Substring
Another useful string method is Substring. This allows you to grab one string within another. (For example, if you wanted to grab the ".com" from the email address "me@me.com")
In between the round brackets of Substring( ), you specify a starting position, and then how many characters you want to grab (the count starts at zero again). Like this:
Dim Email as String
Dim DotCom as String
Email = "me@me.com"
DotCom = Email.Substring(5, 4)
MsgBox(DotCom)
The message box would then display the characters grabbed from the string, in this case the ".com" at the end (start at position 5 in the string and grab 4 characters).
You could also do a check to see if an email address ended in ".com" like this:
Dim Email As String
Dim DotCom As String
Email = "me@me.con"
DotCom = Email.Substring(Email.Length - 4, 4)
If DotCom = ".com" Then
MsgBox("Ends in Dot Com")
Else
MsgBox("Doesn't End in Dot Com")
End If
The starting position for Substring( ) this time is "Email.Length - 4". This is the length of the string variable called Email, minus 4 characters. The other 4 means "grab four characters"

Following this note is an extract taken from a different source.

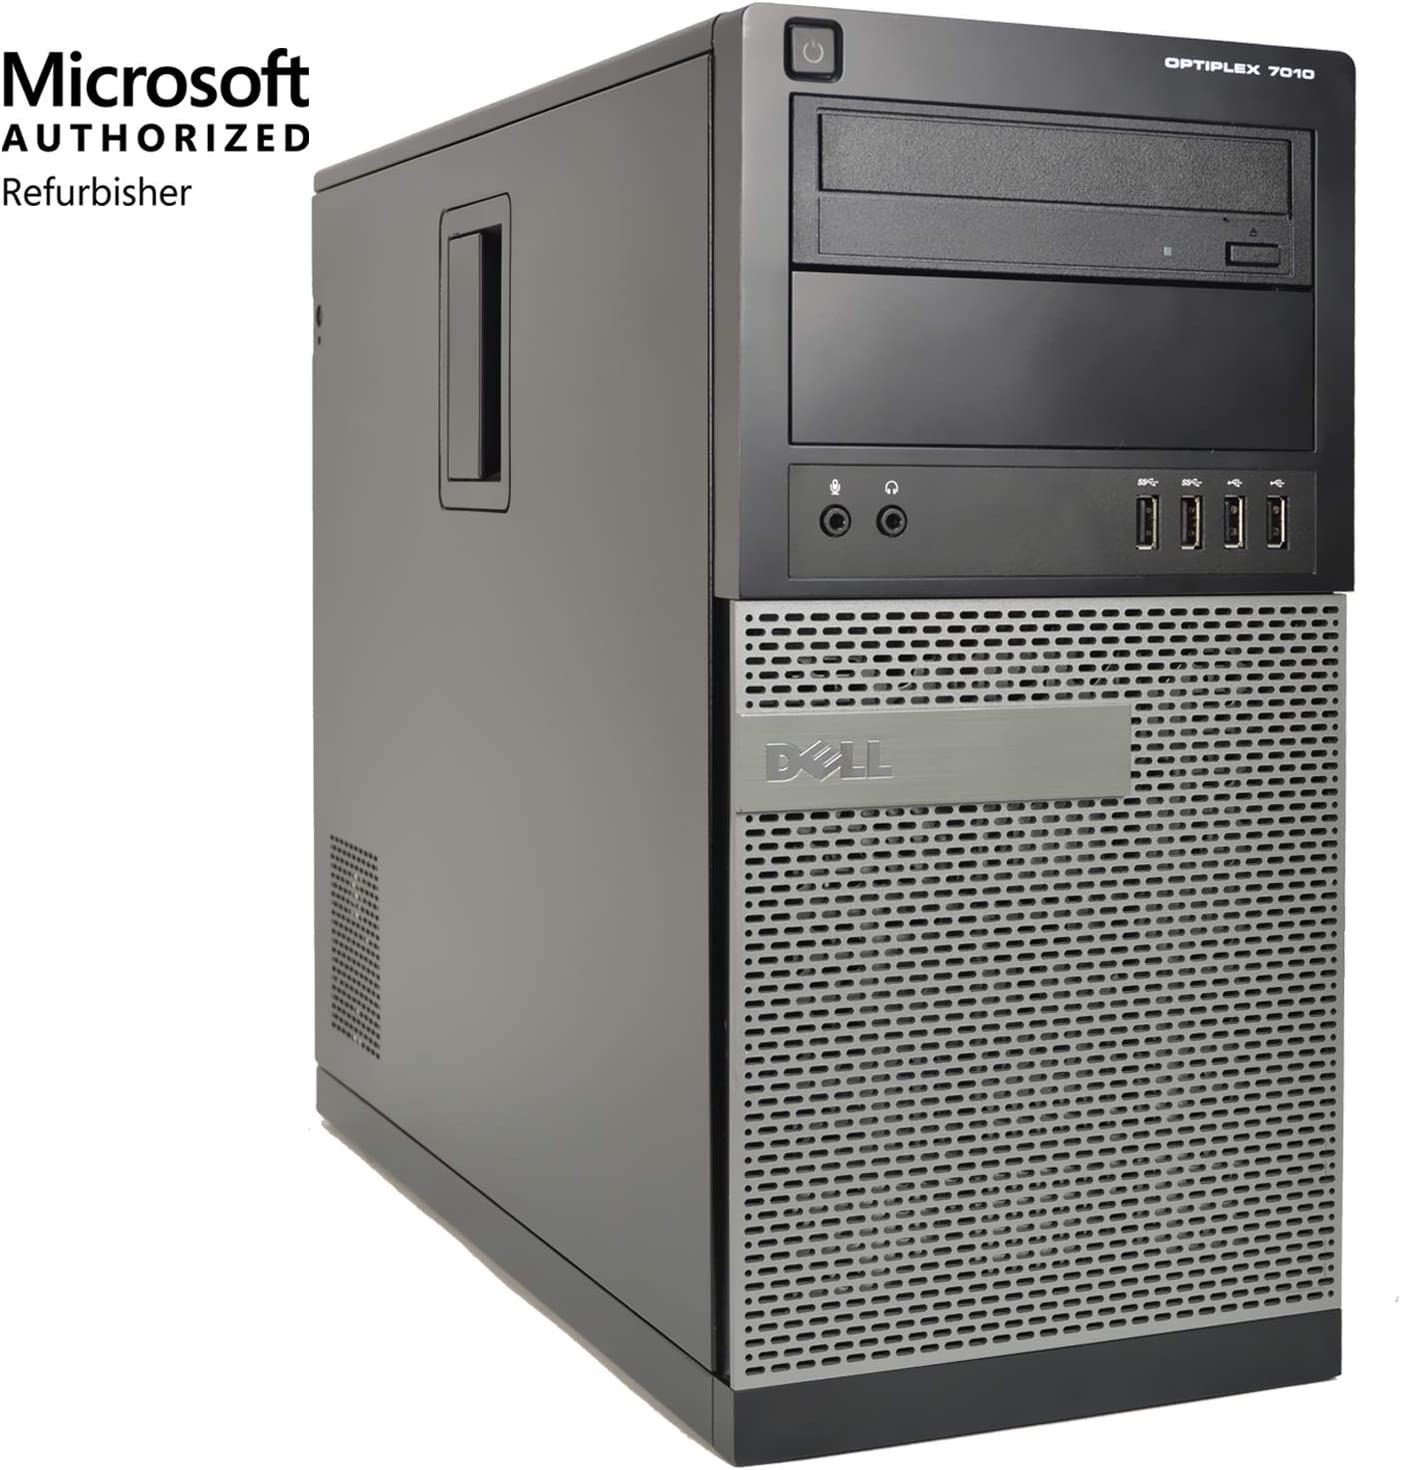 Dell XPS 8920 Desktop – Intel Core i7-7700 7th Generation Quad-Core up to 4.2 GHz, 32GB DDR4 Memory, 8TB SATA Hard Drive, 8GB Nvidia GeForce GTX 1070, DVD Burner, Windows 10 Pro

You have to be careful, though. If there wasn't four characters to grab, VB would give you an error message.
We could replace the Chars() For loop code we wrote earlier with a Substring() method. The result would be the same. Here's the code:
For i = 0 To TextLength - 1
OneCharacter = FirstName.Substring(i, 1)
MsgBox OneCharacter
Next i
So we're saying, "Start grabbing characters from the position i. Just grab one character".
Substring and Chars are very useful methods to use when you want to check the letters in a string of text.